Photo by CDC on Unsplash

Why is it important?

These sequences are persistent, meaning they occur across all the SARS-CoV-2 genomes studied in the paper. Furthermore, these are small sequences (12-13 nucleotides), making these regions more robust to mutation. This is relevant in viral testing and treatment since viruses are highly mutable. Furthermore, all the persistent sequences fall in regions without mutations, including SNPs. Additionally, all the mRAWs do not fall in the redundant areas that are usually associated with loops, copies, or poly-A tails. These Persistent minimal sequences can be used in diagnosis to design primers that identify SARS-CoV-2 infections or distinguish between coronavirus species, improving testing sensitivity. The evolution of SARS-CoV-2 is supplied by replicating RNA sequences with mutations, mainly SNPs, harming the RT-PCR method’s sensitivity. Identifying persistent minimal sequences in SARS-CoV-2 allows for enhancing the RT-PCR methodologies by using conserved regions between multiple genomes of SARS-CoV-2. The reported PmRAWs are absent from other human coronaviruses and diminish the probability of cross-reaction. Moreover, identifying persistent sequences absent from the human genome and transcriptome permits isolating the SARS-CoV-2 signal from possible human material that abounds in the cell in higher magnitude orders of quantity. The identified Persistent minimal sequence found in the Spike glycoprotein coding sequence may be a key for a potential target therapeutic, given its singularity, persistency, and exposure at the Spike protein surface.
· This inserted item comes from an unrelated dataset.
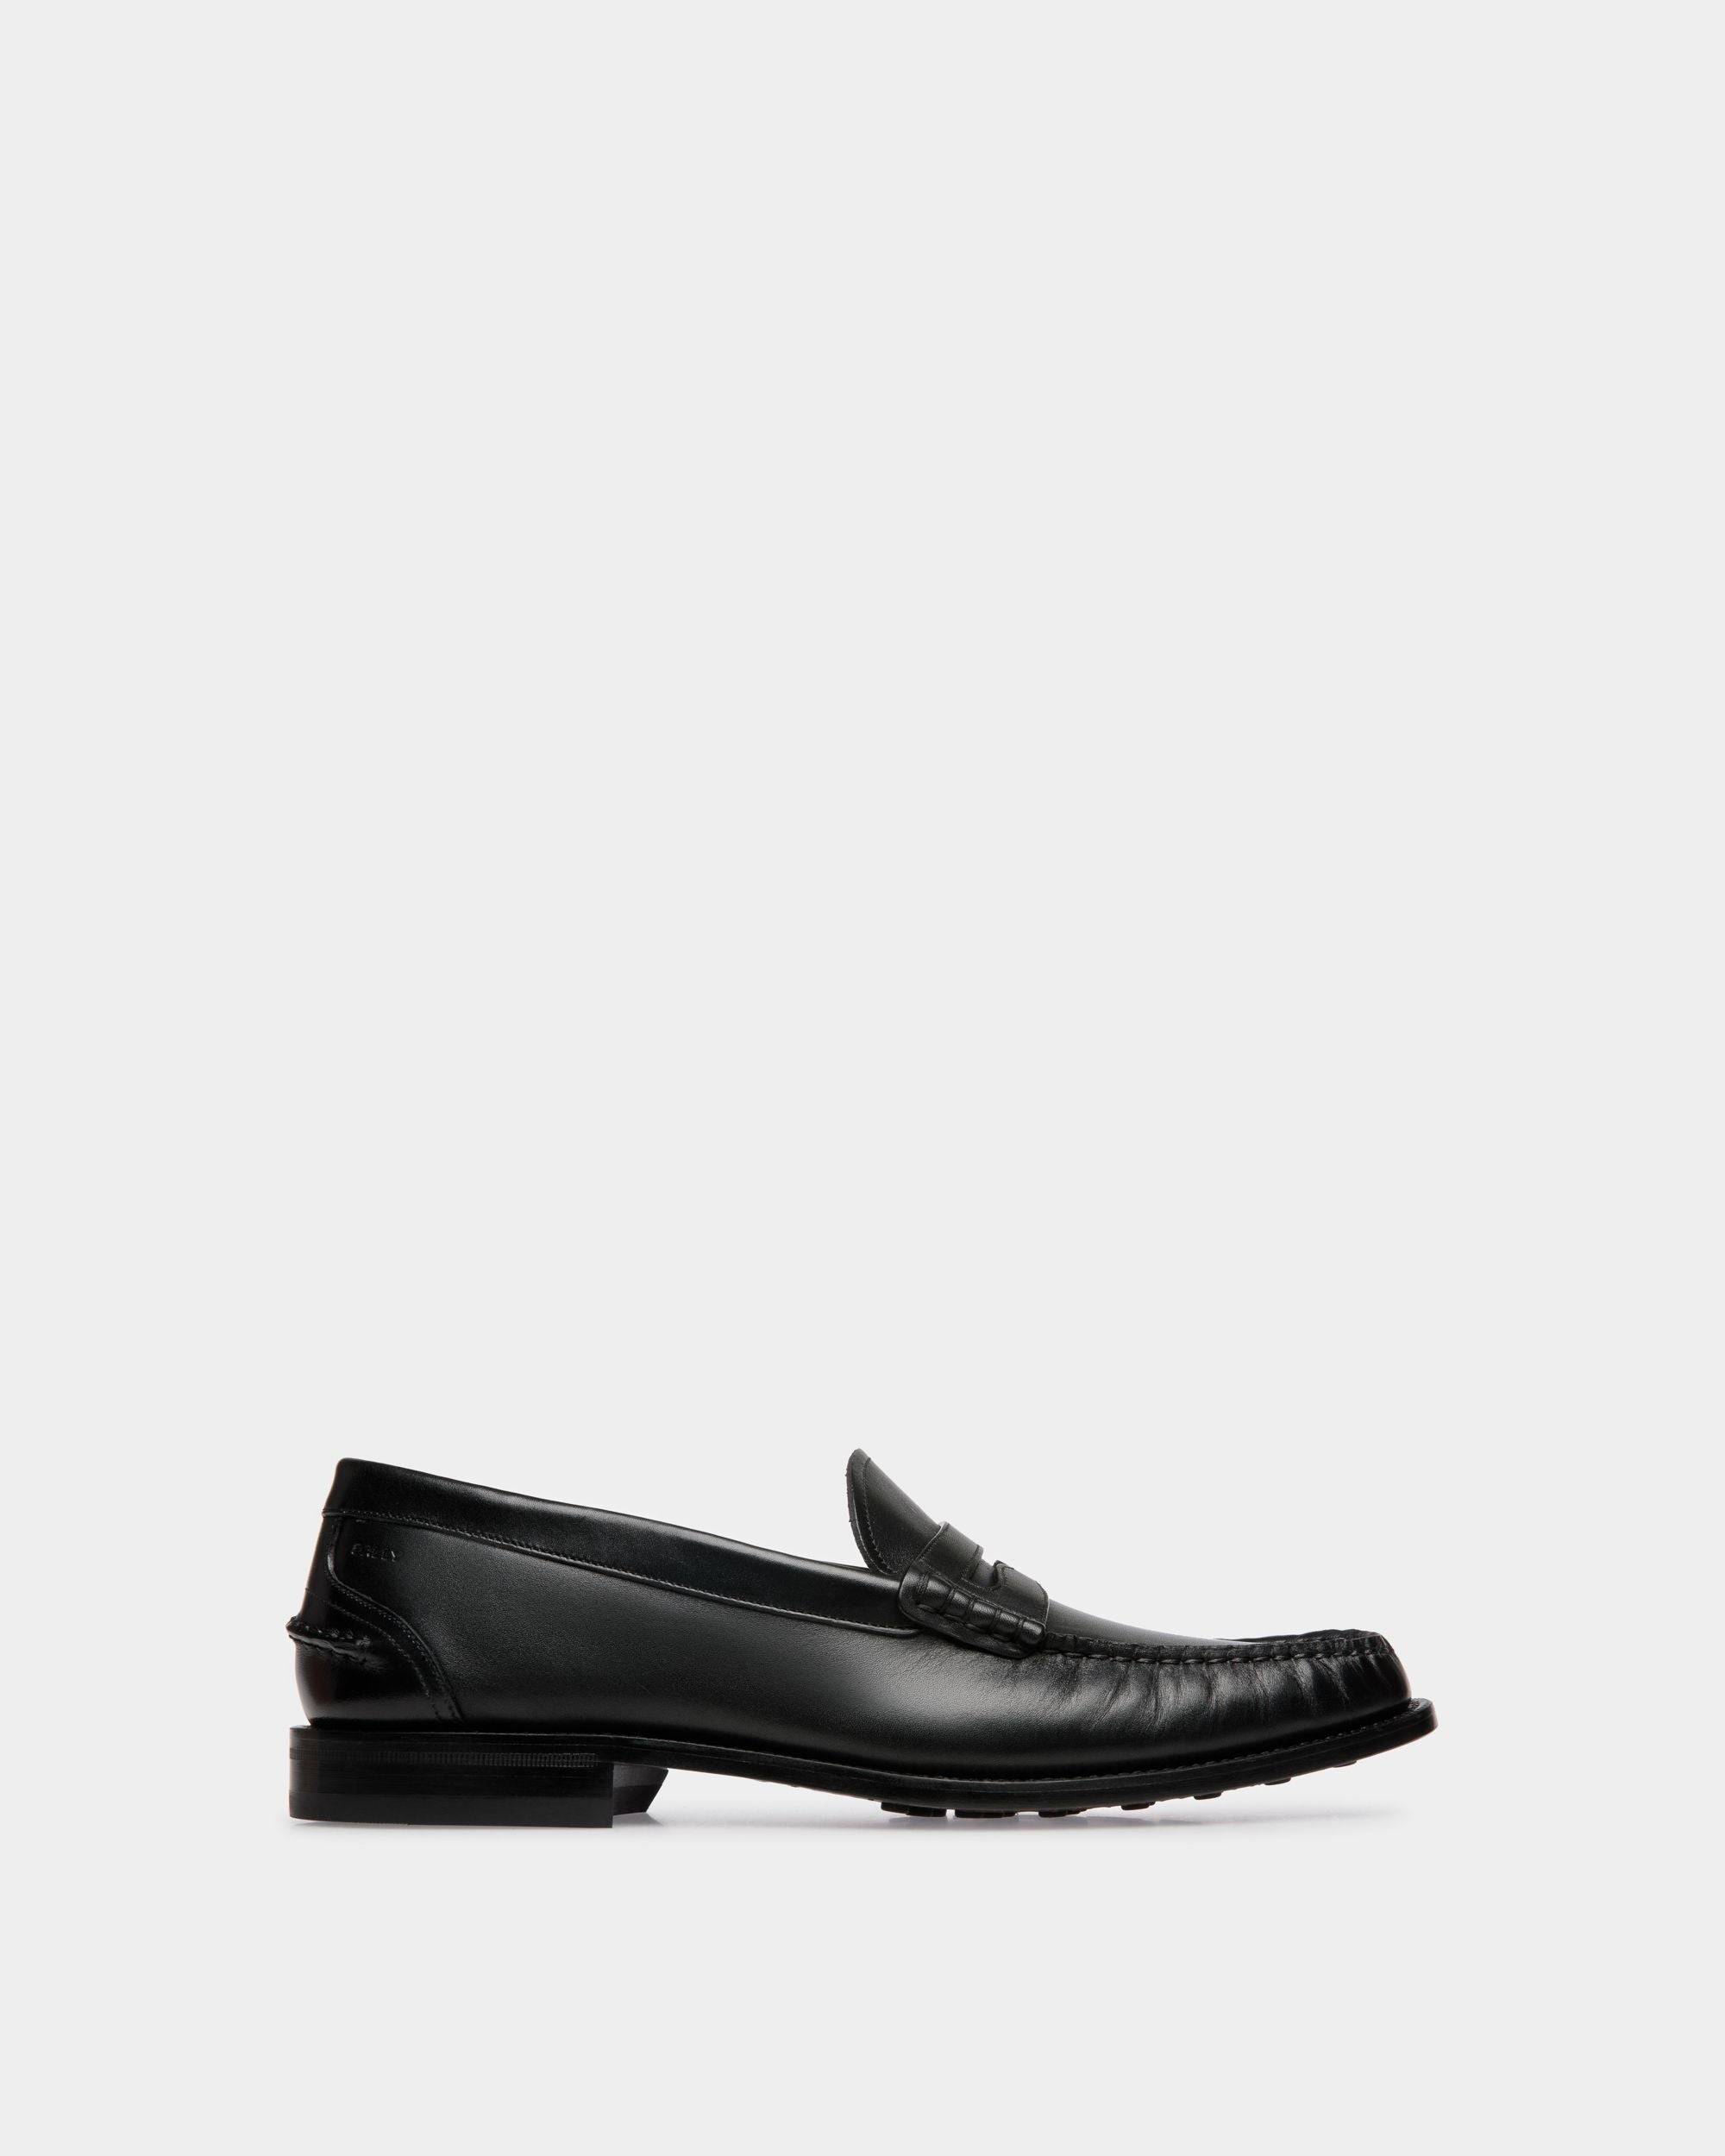 Oregon | Herren-Loafer aus schwarzem Leder | Bally | Still Life Seite

The SARS-Cov-2 Spike (S) glycoprotein is being used as a target for vaccines because Spike binds into the angiotensin-converting enzyme (ACE) 2 human receptor for a further injection of the viral mRNA into the human cell. The methodology can be applied to any viral sequence. In the future, this can be used to create more efficient tests and treatments for other types of viral infections.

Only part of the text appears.